___ Extracted entries ___

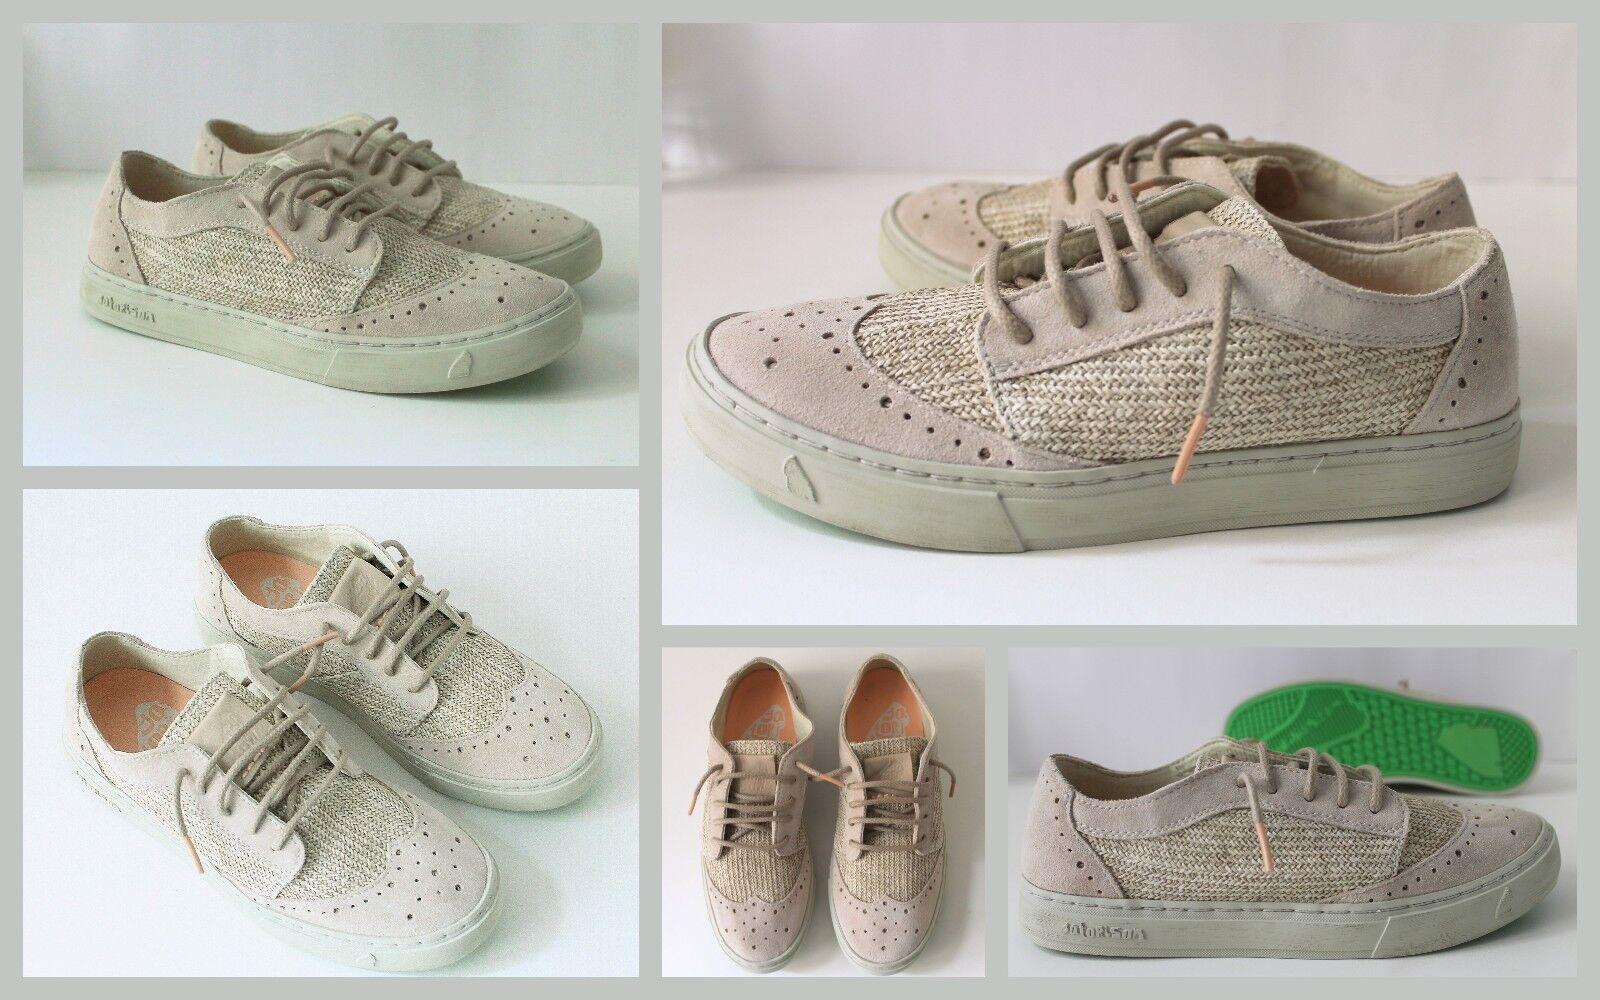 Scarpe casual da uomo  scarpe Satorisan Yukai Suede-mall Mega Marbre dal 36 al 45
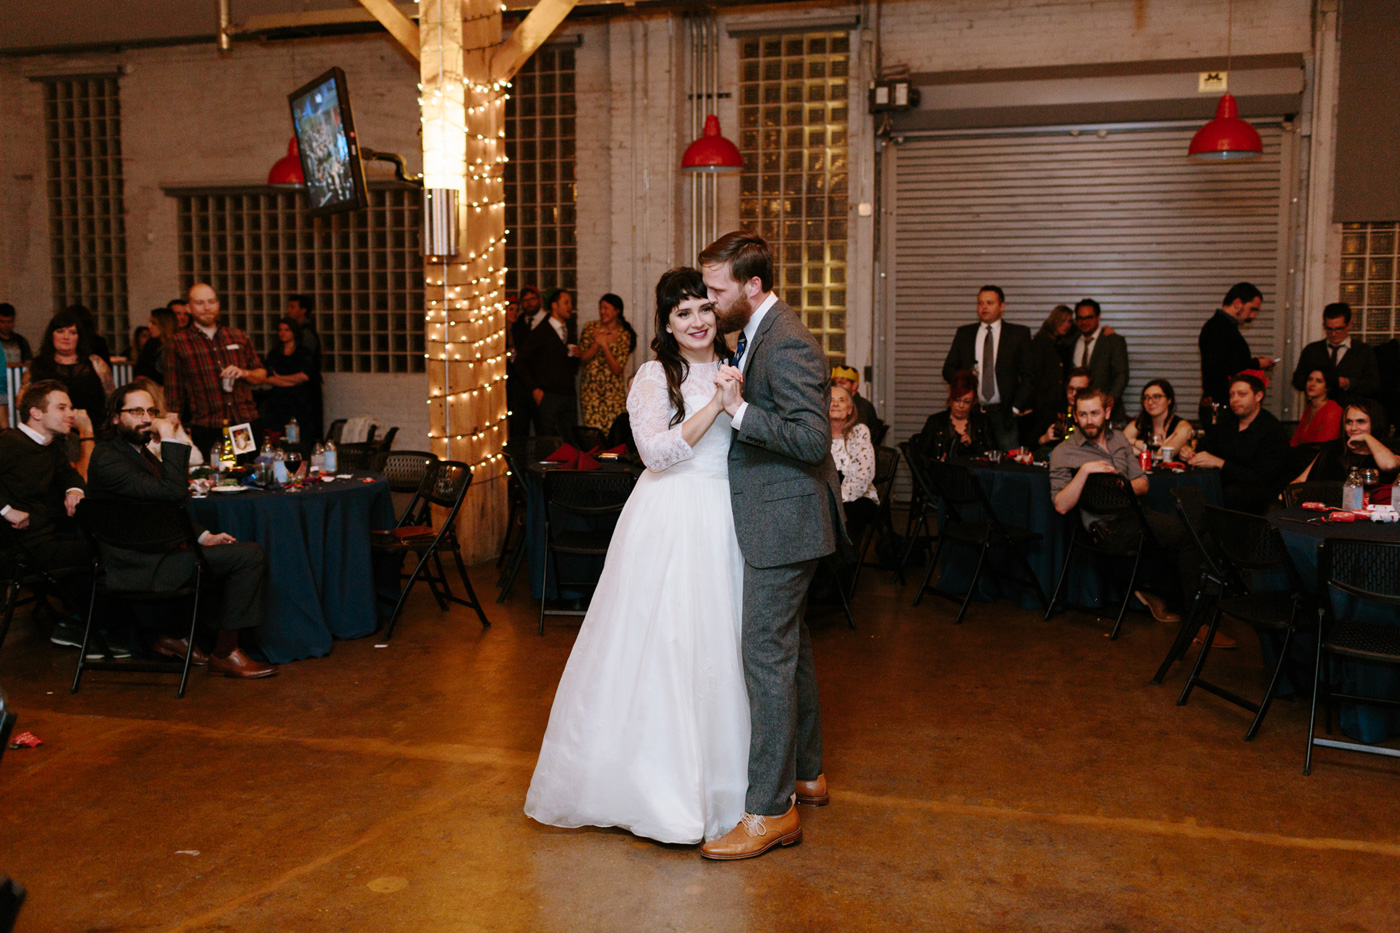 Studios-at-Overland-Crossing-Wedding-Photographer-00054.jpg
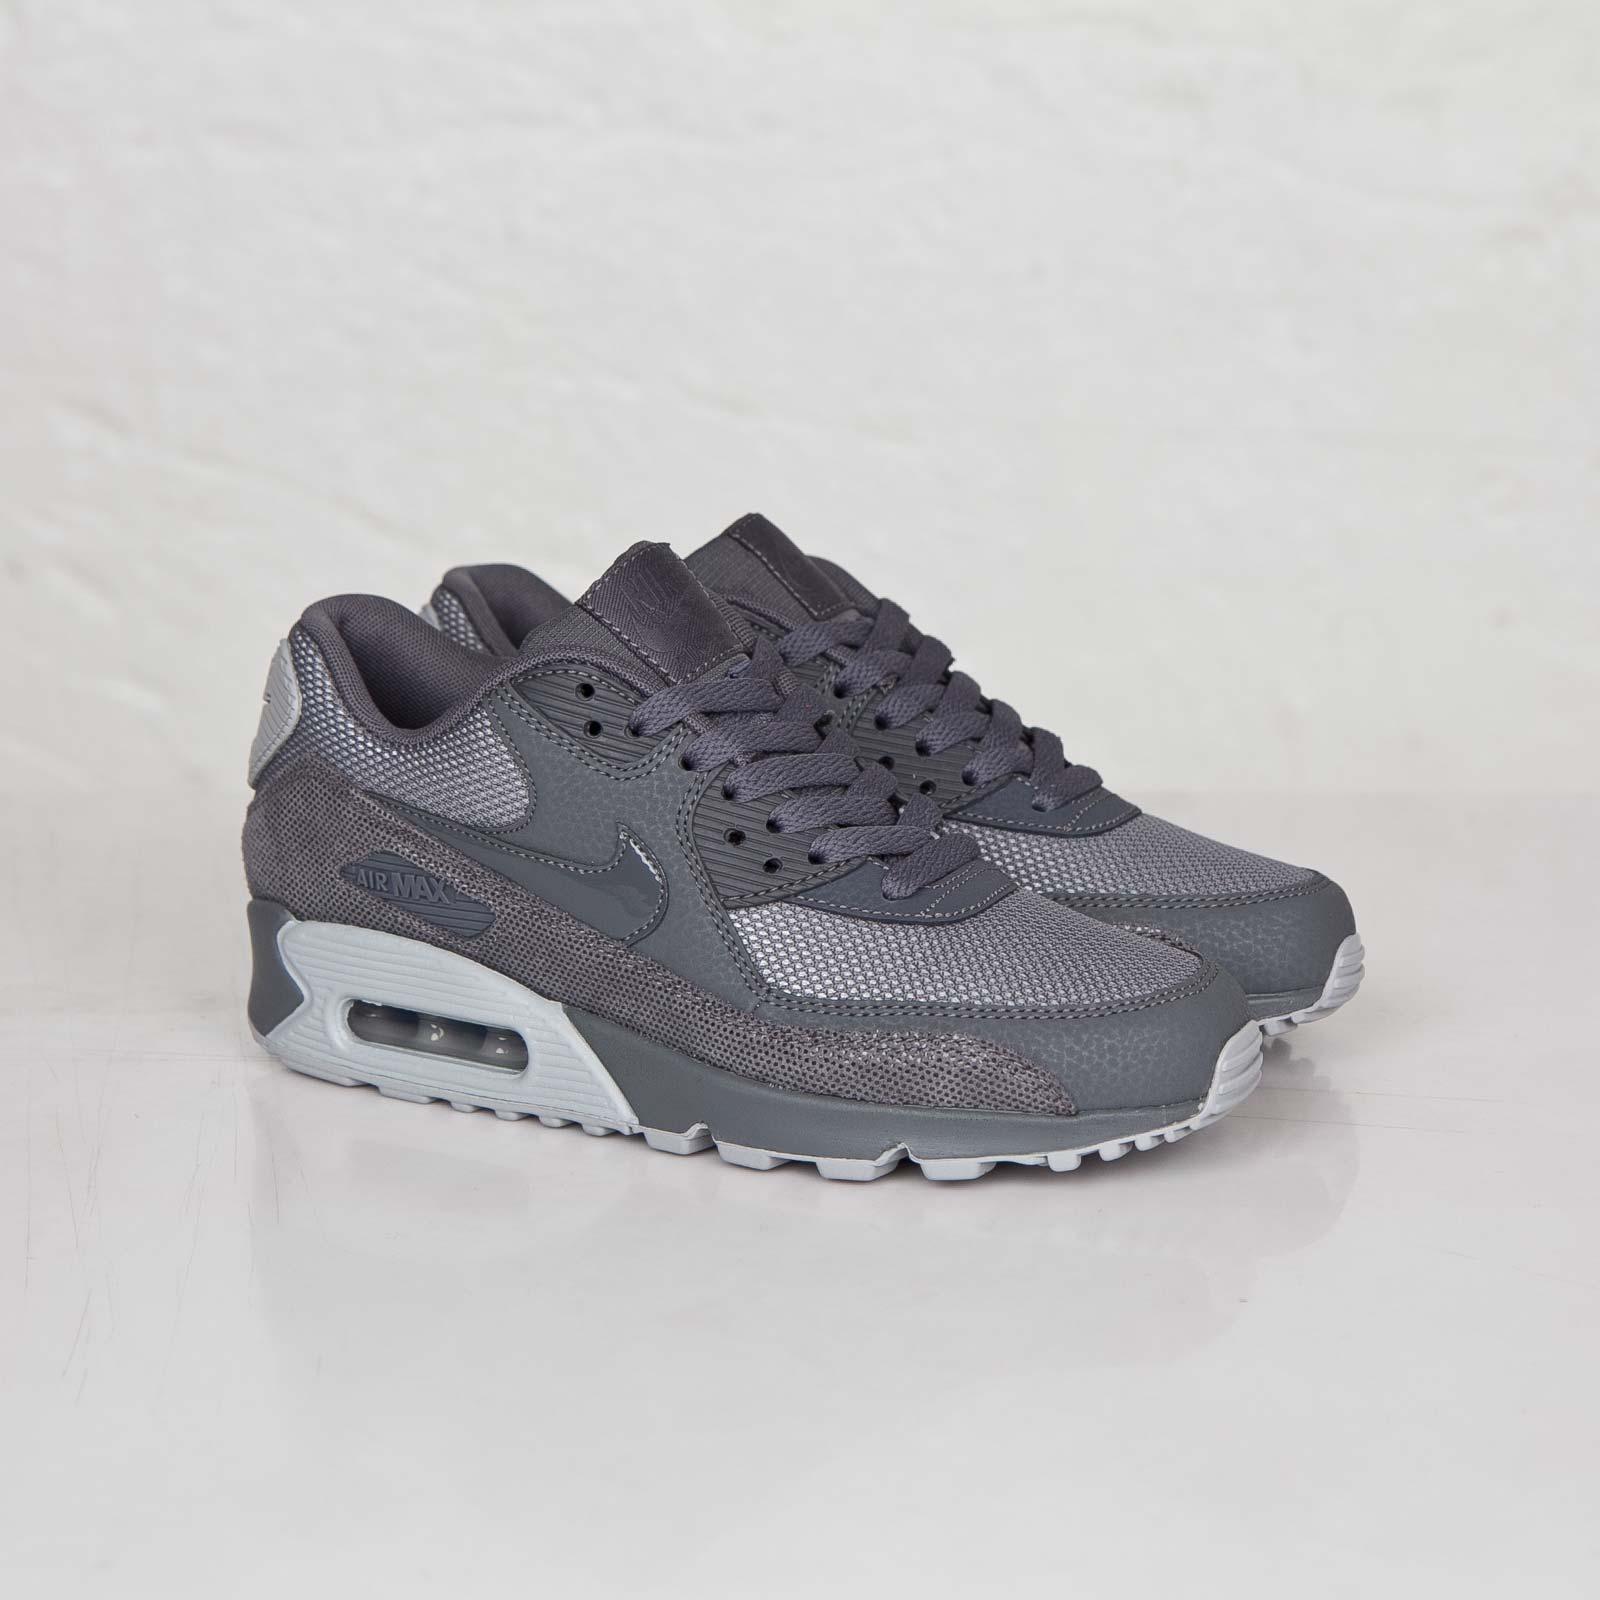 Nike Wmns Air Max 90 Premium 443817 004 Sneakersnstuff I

___
___ Extracted entries ___

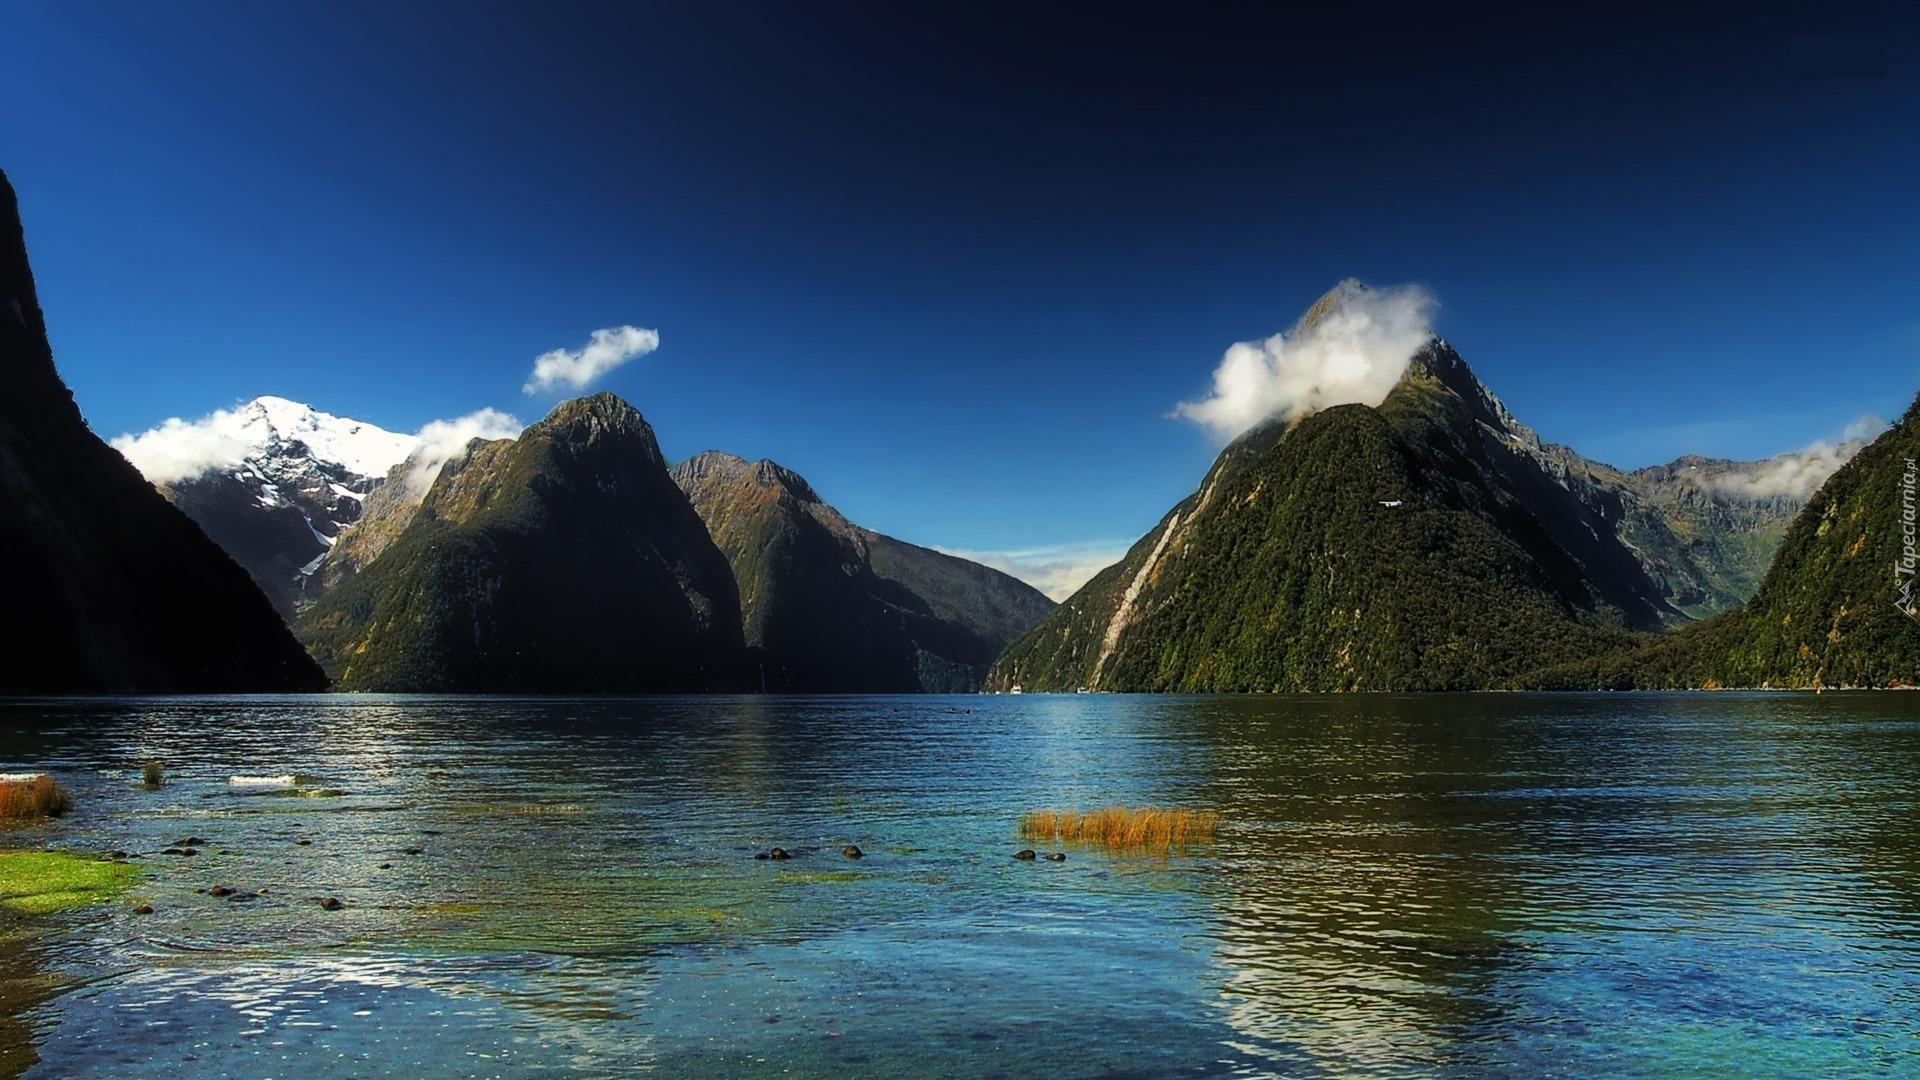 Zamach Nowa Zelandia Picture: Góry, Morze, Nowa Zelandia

___
___ Extracted entries ___

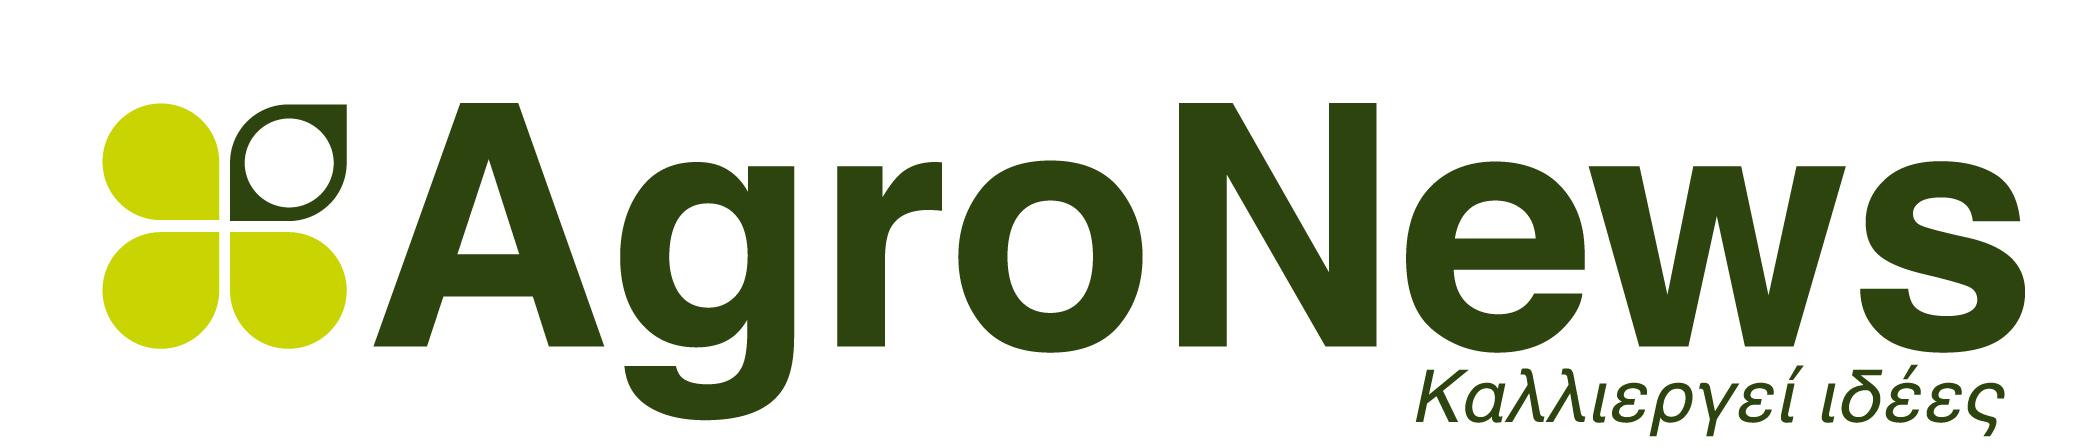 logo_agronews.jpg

___

* [About this task] While skipping the pictures, transcribe the data above from the line showing "Scarpe casual da" through the line showing "Nike Wmns Air", exactly and with both ends.

* [Result of the task]
 Scarpe casual da uomo  scarpe Satorisan Yukai Suede-mall Mega Marbre dal 36 al 45
 Studios-at-Overland-Crossing-Wedding-Photographer-00054.jpg
 Nike Wmns Air Max 90 Premium 443817 004 Sneakersnstuff I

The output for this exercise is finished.